Alors que certains se servent de ces Jeux comme d’une tribune pour protester contre les abus qu’ils subissent, d’autres se sont attachés à montrer leurs traditions aux yeux du monde. Par exemple le xikunahati, sorte de football pratiqué avec la tête, auquel s’adonne le peuple Paresi. C’est un sport collectif qui voit s’affronter deux équipes de 8 à 10 joueurs avec une balle en caoutchouc de fabrication domestique. Pour vous aider à visualiser la chose, on peut dire que c’est une sorte de foot-volley, mais les joueurs ont seulement le droit de toucher le ballon avec la tête. Jücinaldo Ezenozokemaecê, 18 ans, explique que les gens jouent au foot avec la tête depuis leur enfance et ont un niveau similaire aux footeux classiques.

Mais les règles, peut-être rétrogrades à nos yeux, nous font bien sentir qu’on est dans un sport traditionnel : pour preuve, les filles ne sont pas autorisées à jouer.

« Il est important que les Brésiliens sachent comment nous jouons et connaissent notre sport, explique Ezenozokemaecê.
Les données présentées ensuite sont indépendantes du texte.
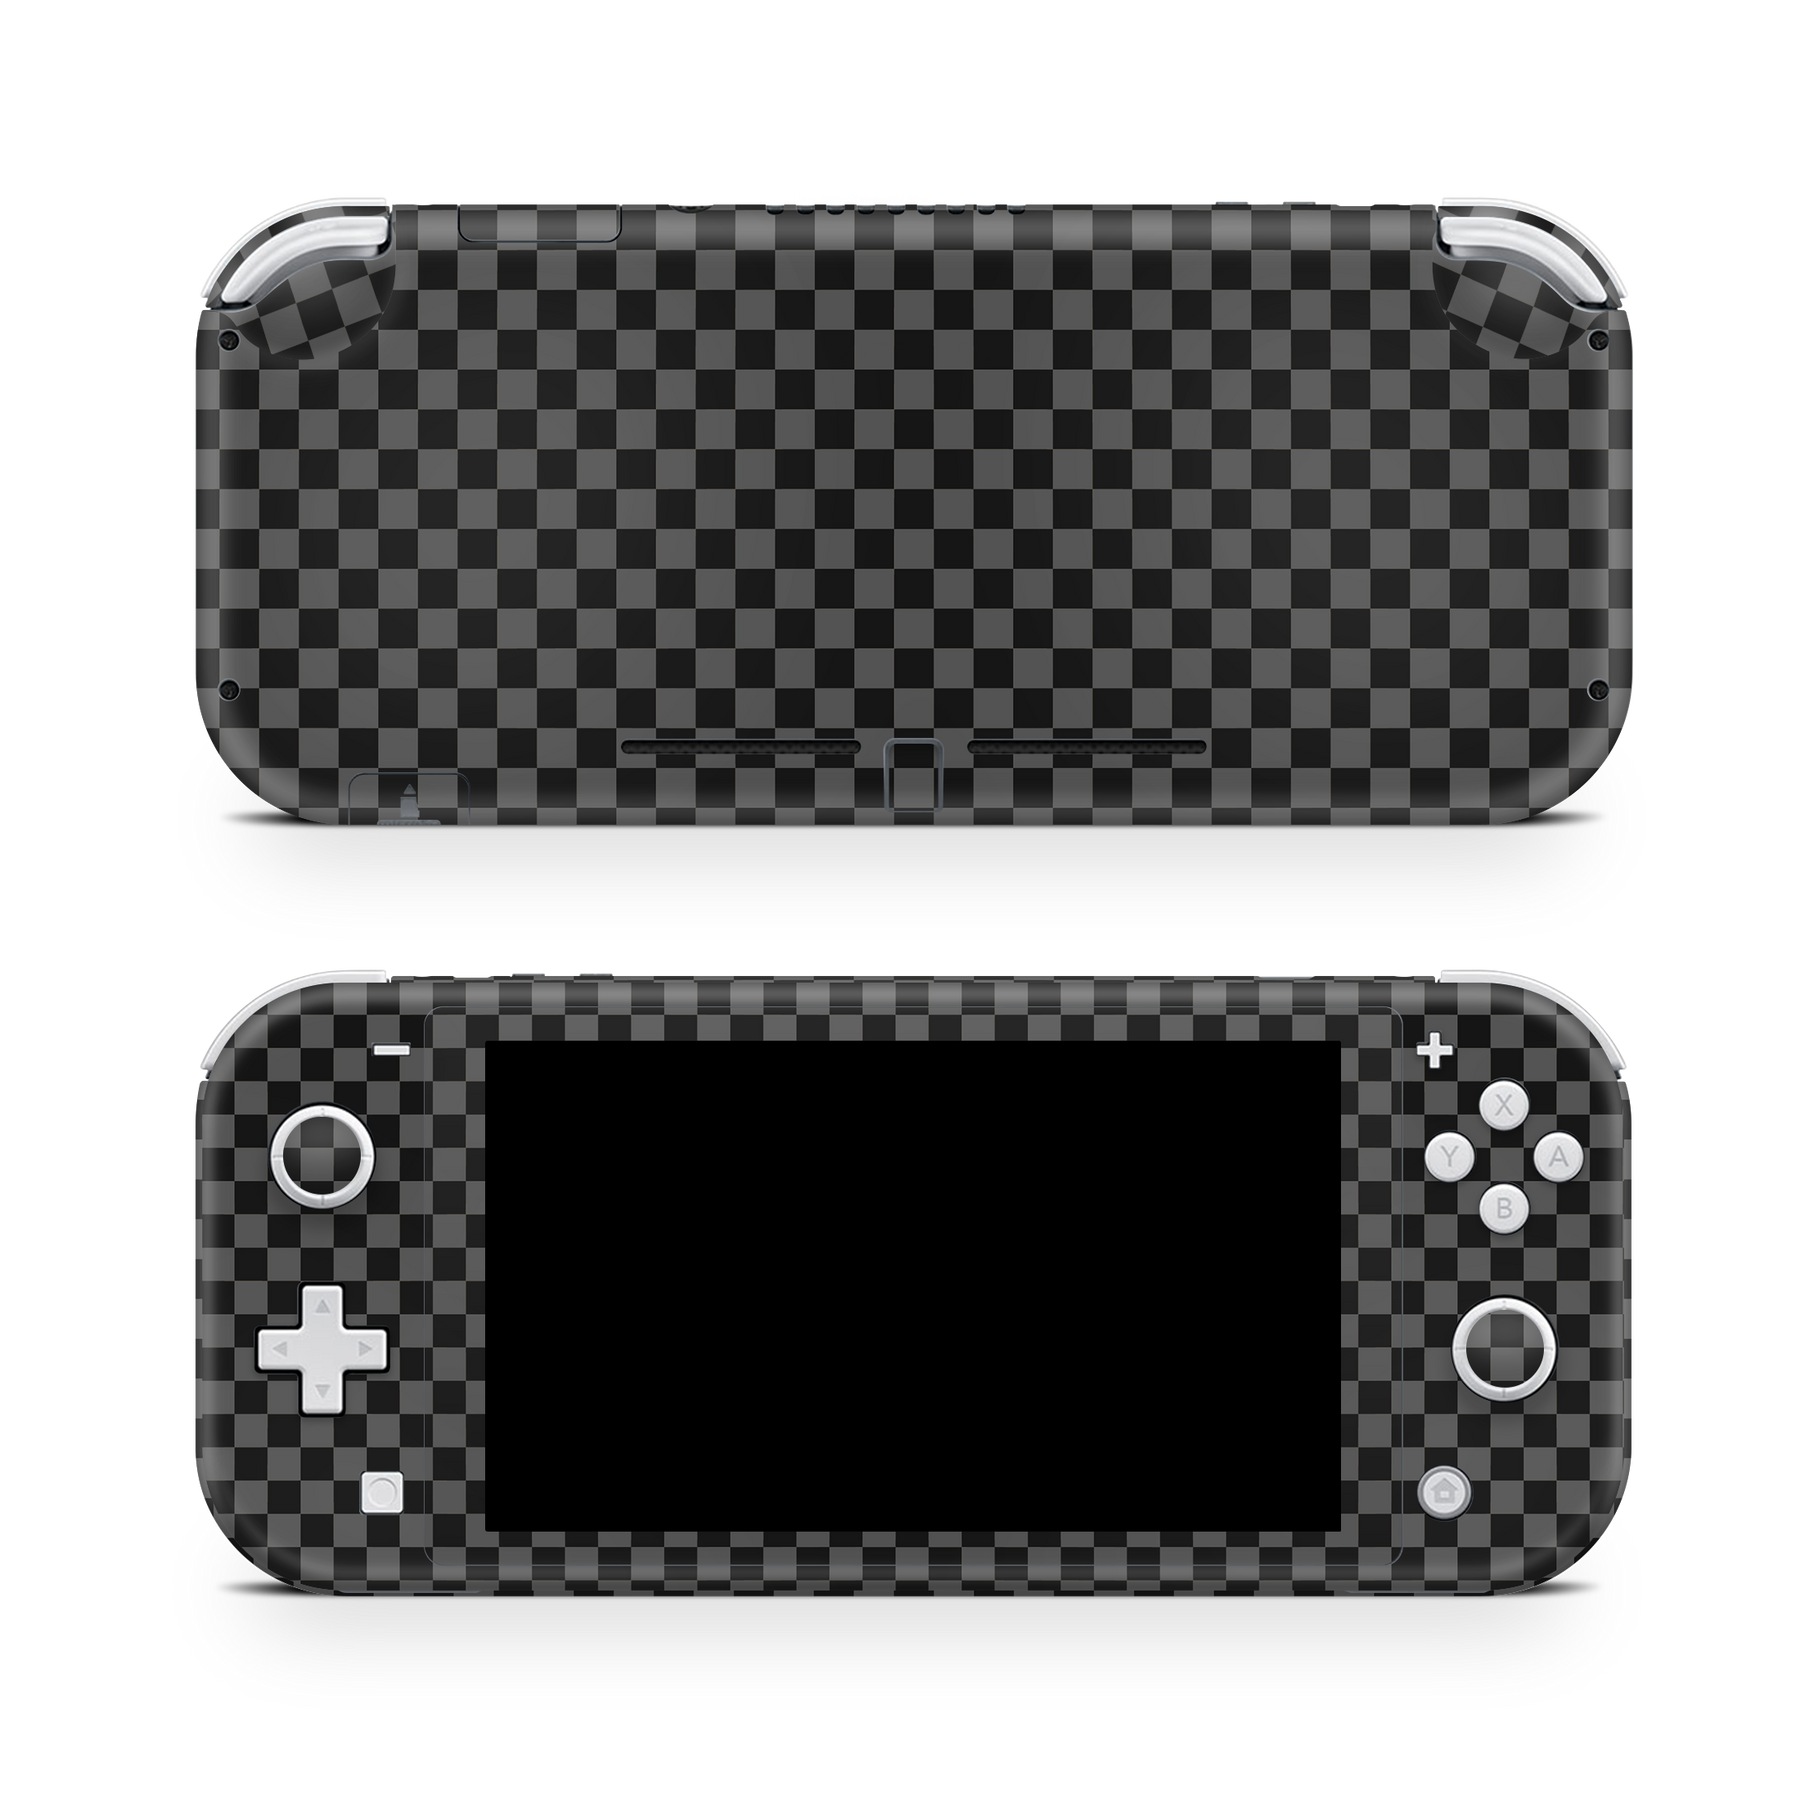 Nintendo Switch LITE Checkers black

Nous sommes fiers que notre sport soit présent aux Jeux ». Le jeune Jücinaldo estime que cet événement est aussi l’occasion de rencontrer d’autres peuples indigènes : « J’ai parlé avec d’autres populations ethniques et même si nous ne parlons pas la même langue, nous avons pris des photos ensemble pour se souvenir de ce grand moment » , détaille-t-il, heureux.

Une des démonstrations que le public a le plus aimé a été un jeu de balle mexicain, un sport précolombien mélange de tennis et de volley-ball : la pelota mixteca. Cette discipline était pratiquée dans toute la Méso-Amérique, sous l’influence des Aztèques. Deux équipes se renvoient une balle en caoutchouc, en la lançant très haut, grâce à un gant en peau pesant entre 4 et 6 kilos (essayez de vous imaginer la scène).
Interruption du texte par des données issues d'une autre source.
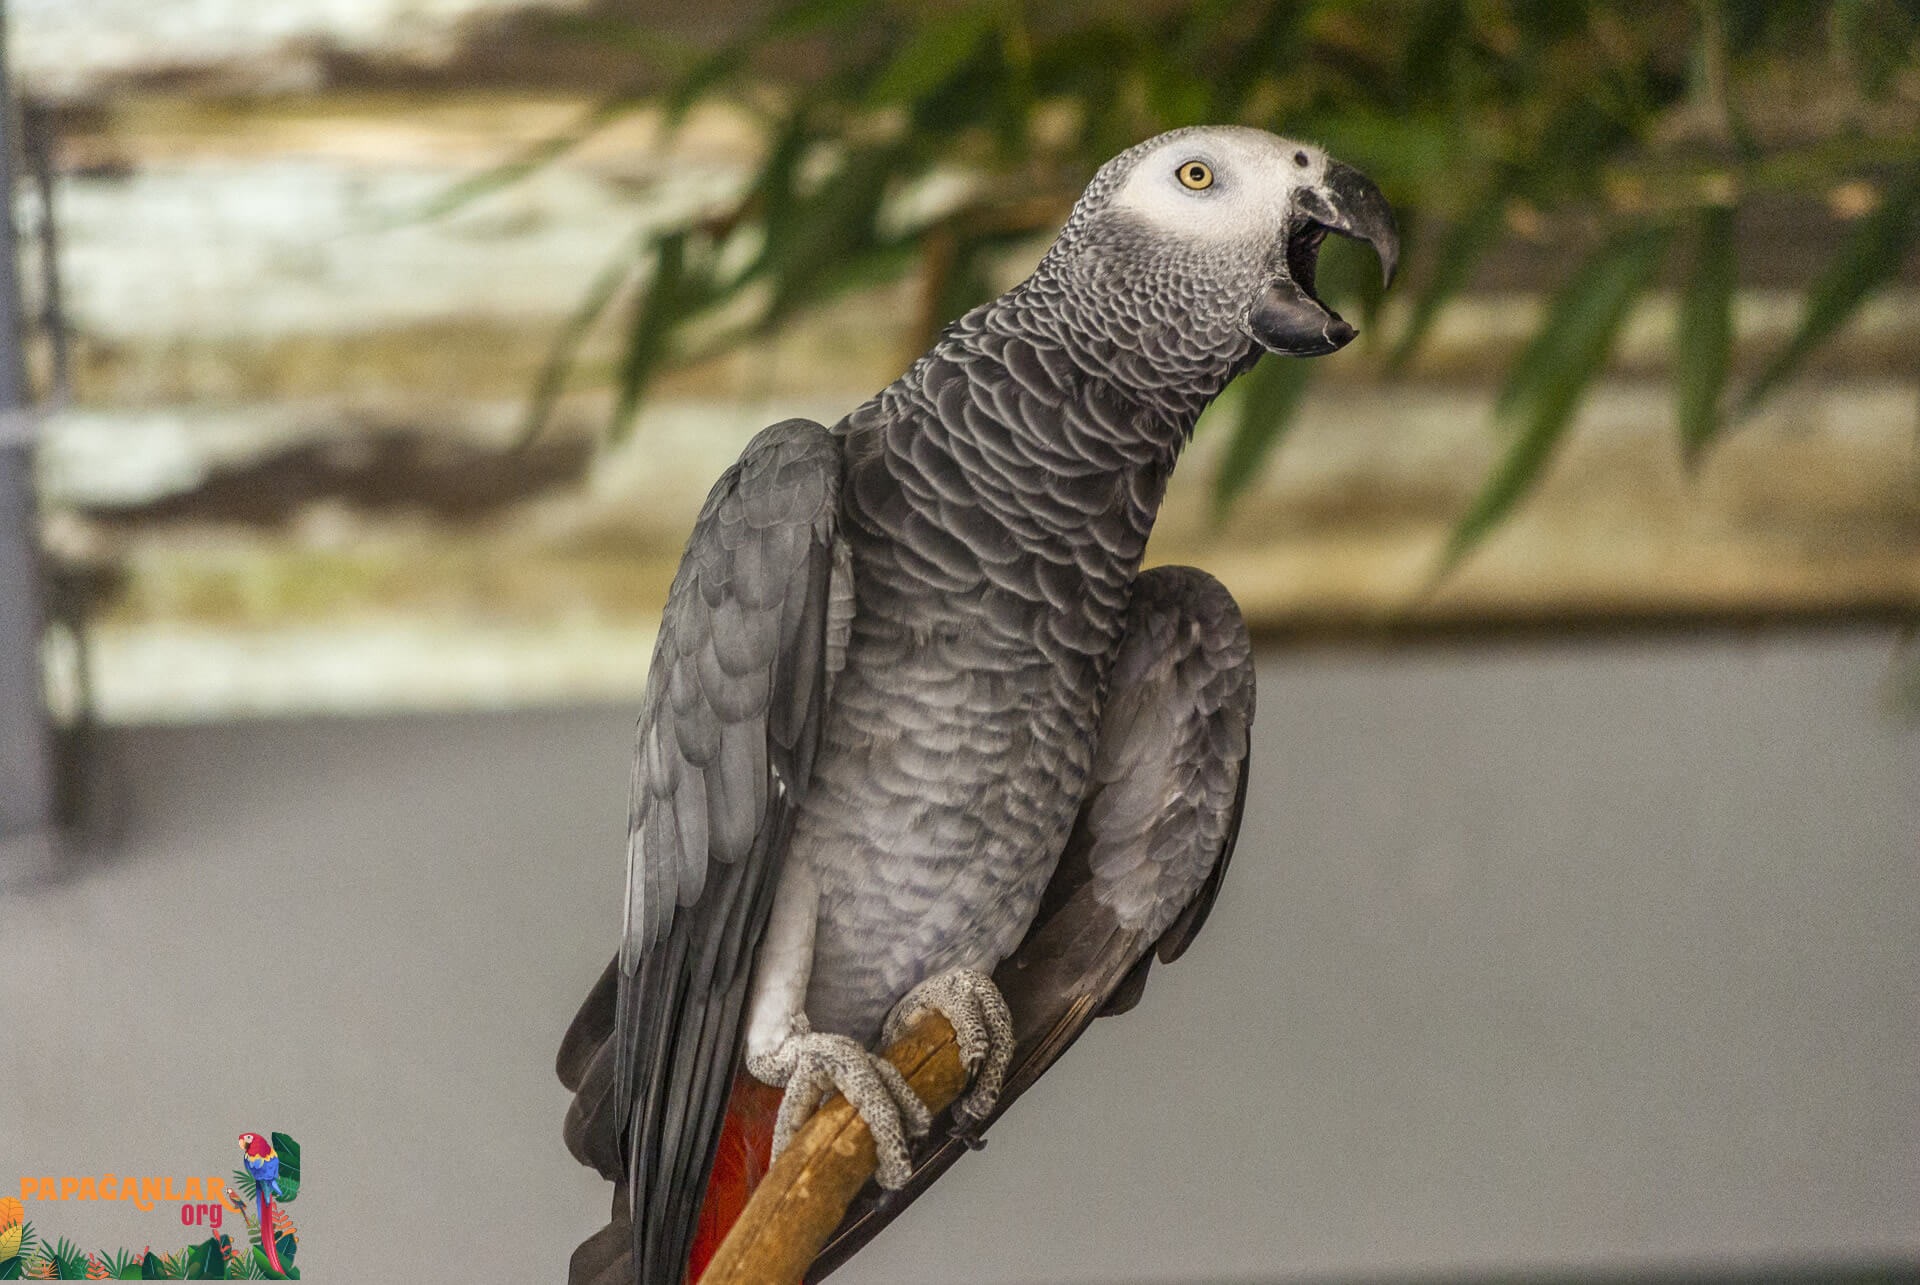 Jacoa Parrot Feathering

Historiquement, et à certaines occasions, le terrain était un lieu sacré. Le jeu était rempli de symboles et était soumis à un rituel. Parfois, une partie était conclue par un sacrifice humain. Dans sa version moderne, il ne comporte pas de sacrifices. Eduardo Arellanes pratique la pelota mixteca avec ses quatre frères. Il estime que son sport doit évoluer, en accord avec son temps. « La mixteca antique est une cérémonie spirituelle. C’est important de comprendre ses racines pour ne pas le perdre. Aujourd’hui, il y a un projet pour en faire un sport traditionnel pratiqué dans les écoles et les clubs de sport. Nous soutenons l’idée ».

La pelota mixteca a été amenée à Mexico par les immigrés venus de tout le pays à la recherche d’une vie meilleure dans la capitale. Et ce sport a déjà fait son apparition aux Etats-Unis et au Japon. Ce n’est pas un sport aussi facile qu’il n’y paraît mais Arellanes affirme qu’il n’est pas difficile de lancer la balle en l’air grâce à des coups puissants. Quoiqu’il en soit, les joueurs confirmés ont offert un beau spectacle. Les débutants un peu moins.
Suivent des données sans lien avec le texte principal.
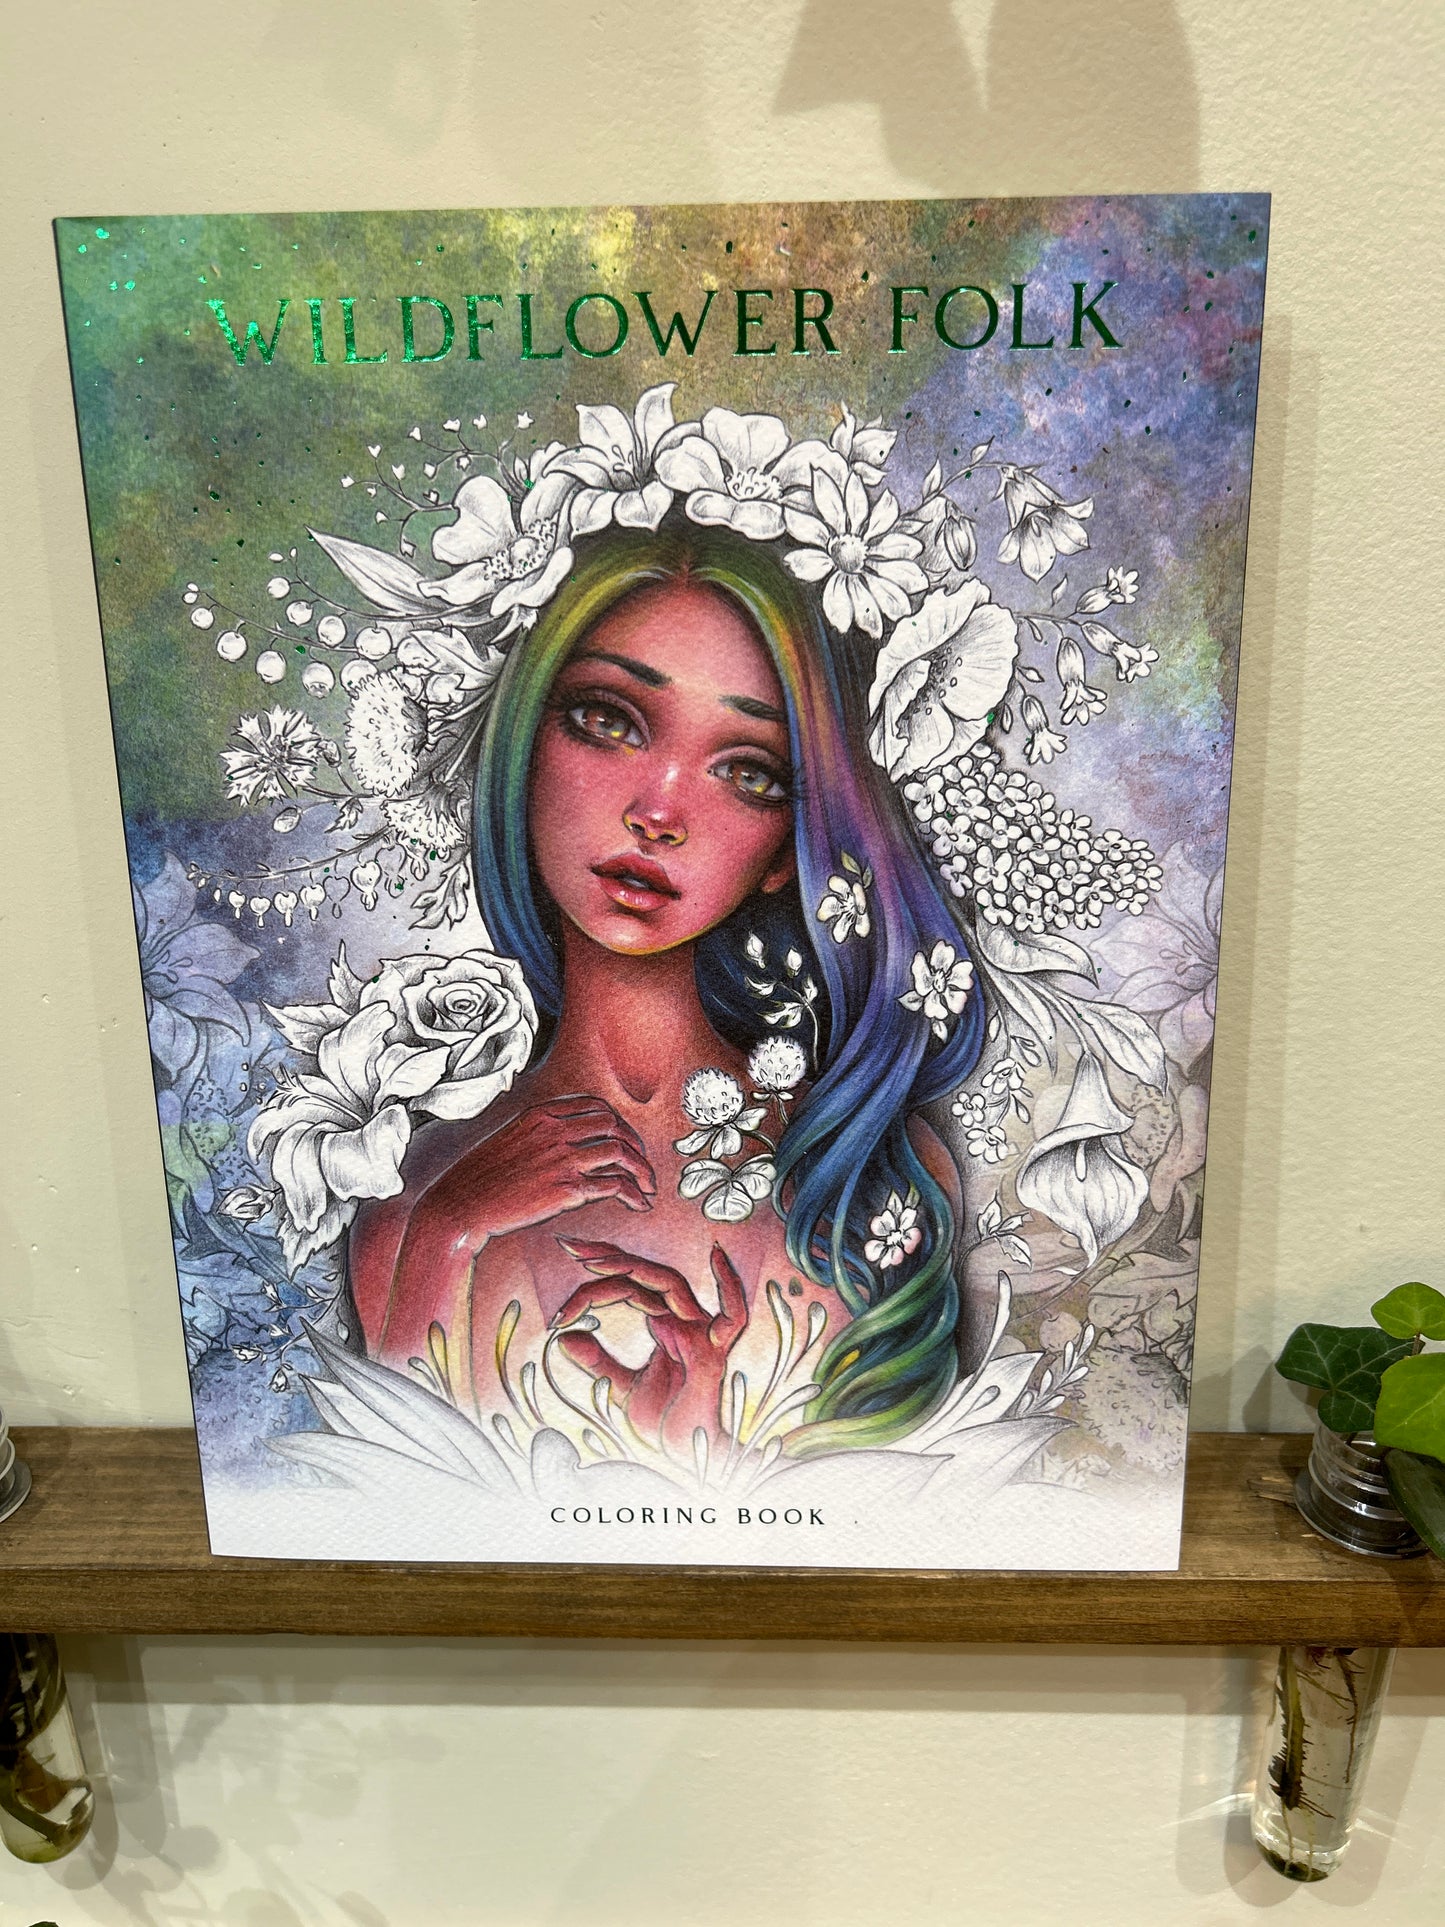 Wildflower folk colouring book

Les Jeux ont également accueilli des centaines d’autres disciplines y compris le tir à l’arc. Les pratiquants de sports venants de différentes tribus ont eu l’occasion d’échanger leurs arcs et leurs flèches pour les essayer.

Le Brésilien Marcus Vinicius D’Almeida, 17 ans, a testé les flèches de la tribu Pataxo qui vient du Nord de Bahia : « C’est très intéressant de comparer les arcs et les flèches qui proviennent de différentes cultures indigènes. Nous avons beaucoup à apprendre de nos peuples. Les Indiens ont pratiqué ce sport pendant longtemps ».

Même si les Jeux mondiaux indigènes ont permis l’échange et le partage d’expériences, il ont aussi permis une prise de conscience collective sur la situation de ces peuples dans le monde entier. Selon un porte-parole de l’organisation, « les Jeux sont ne sont pas seulement une manifestation sportive, mais ont aussi une dimension culturelle et artistique. C’est un événement humain qui devrait sensibiliser le monde entier ».